The first dream is this one where he is directed to marry his fiancee and to name the child Jesus. In the next dream, the Lord’s angel tells Joseph to take his family to Egypt, for Herod is set on killing the child. Once Herod is dead, Joseph dreams again and is told to bring his family back to Israel. Yet another dream warns him not to settle in Judea where the ruler is Herod’s son, but to go instead to Nazareth in Galilee. In every instance, Joseph hears the message and acts upon it.

So Joseph faces one crisis after another. He has trouble enough and to spare. But he hears the messages intended for him and takes the necessary action. What makes him so receptive?

Consider how he is described in today’s Gospel. The word applied to him is “righteous.” Joseph is a righteous man. He is obedient to God as he knows God. God is not a stranger to Joseph, so when a crisis comes and God sends him a message, Joseph hears the message and does what must be done. Joseph is a man of faith before the crisis, so that when the crisis comes, he is able to act in faith, to do the right thing.

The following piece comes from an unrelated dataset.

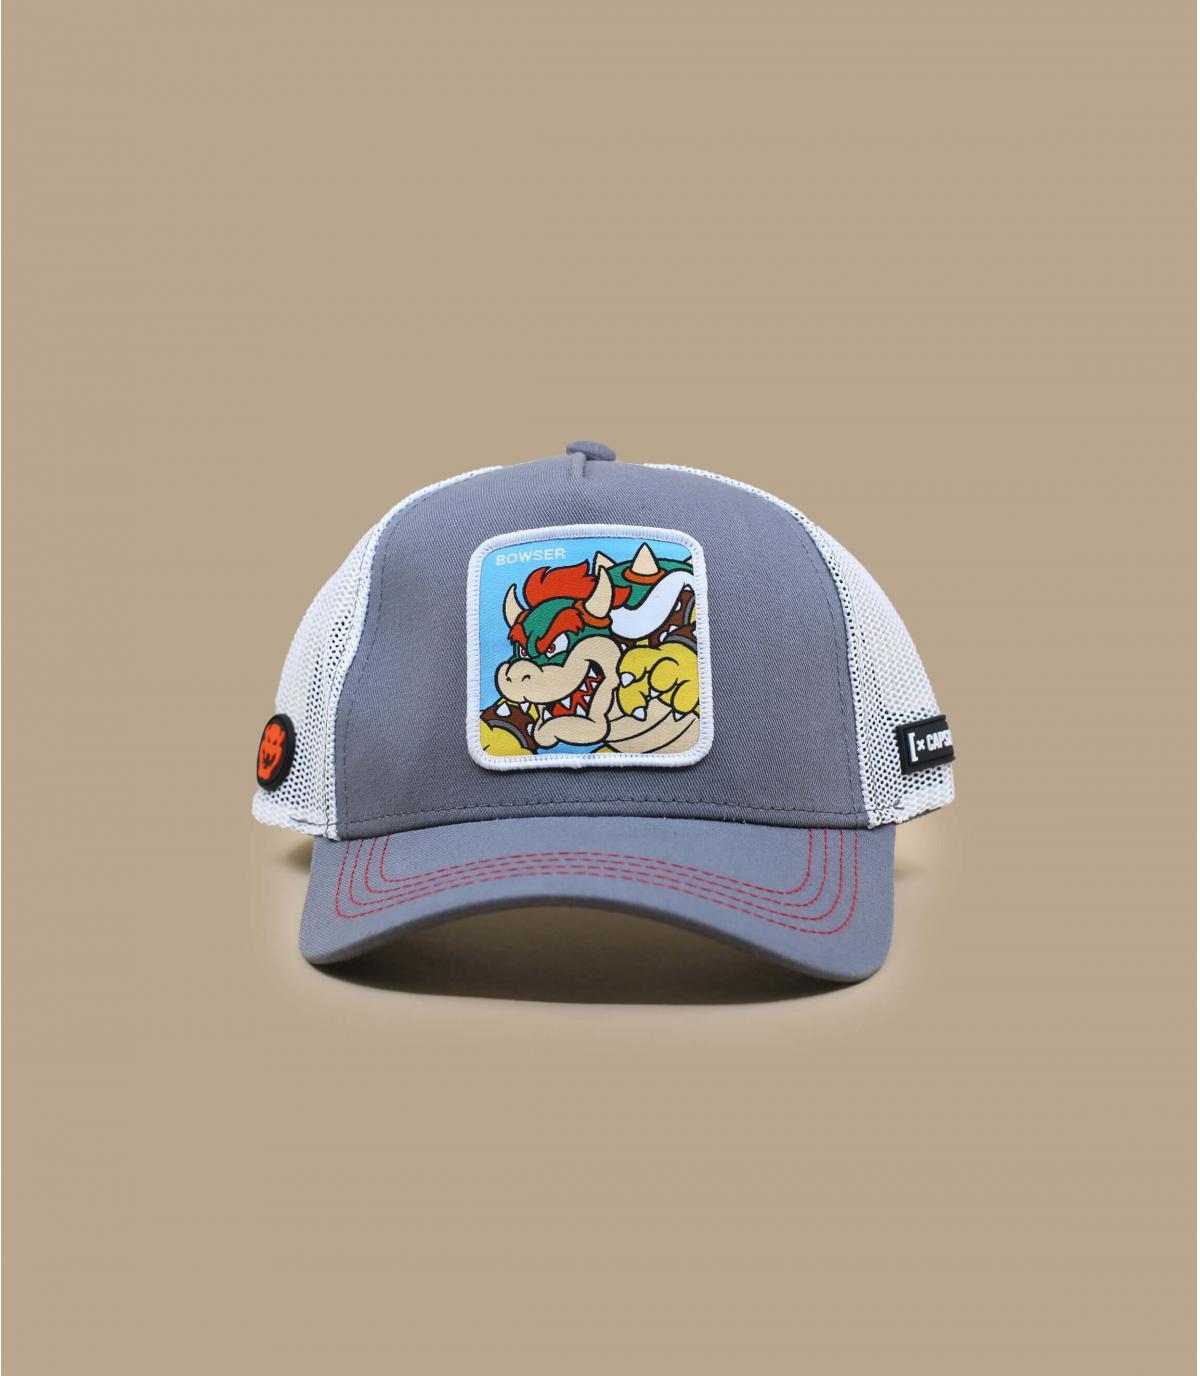 Trucker Cap Bowser Mario Bros

Here’s an important reason for the life of prayer, an important reason for the regular practice of prayer. If we are in relationship with God through a life of prayer, if we value God’s company on ordinary days, then, when the day of crisis arrives, and our world comes apart at the seams, we can recognize God’s voice speaking to us at the heart of the crisis, we can respond in faith by doing what God would have us do, by living as God would have us live.

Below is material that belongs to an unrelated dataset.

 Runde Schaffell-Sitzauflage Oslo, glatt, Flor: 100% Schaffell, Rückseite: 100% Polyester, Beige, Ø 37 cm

Over the years, a number of Christians have shared this observation with me. Life is challenging enough even if you have faith, but what happens with people who have no faith, who do not pray? What happens to them when the inevitable crisis occurs?

They lose a loved one. How can they begin to hear God’s voice speak softly to them in their bereavement when their grief shouts so hopelessly? In a troubled time, it would be hard for anyone to hear the divine voice, to see the vision of a greater purpose, but how hard it must be without the experience of listening to God in better times!

God speaks to us in a variety of ways. For Joseph, it was through the Jewish law and a remarkable series of dreams. For us, it may happen through scripture reading and liturgical worship, through personal devotions, the beauty of nature, the warmth of human love, the circumstances of each day. Our response to God constitutes our prayer. No one who knows about prayer says it is easy. Routine practices can seem empty at times. There’s always something else waiting for us to do.

Yet it’s vital to persist in prayer. It’s vital that we do this — and for several reasons. One of the most important is that through our prayer, our response to God, our relationship with God, we become able to recognize the divine voice whenever it speaks, even in the heart of crisis.

Times of crisis are sure to come in every life. Where we have a choice is in how we will respond. Will the noise of our own fears drown out everything else, or will we hear God’s voice speaking to us at the heart of the crisis? Having heard that voice, will we take the necessary action? Will we be obedient to the message?

Our response is never simply private. What we do in response to God’s voice has impact on other lives beyond our ability to reckon. The moment of crisis arrives, we hear the divine voice and act upon it, and what happens may be like what happened with Joseph: a widespread redemption, unexpected and unstoppable.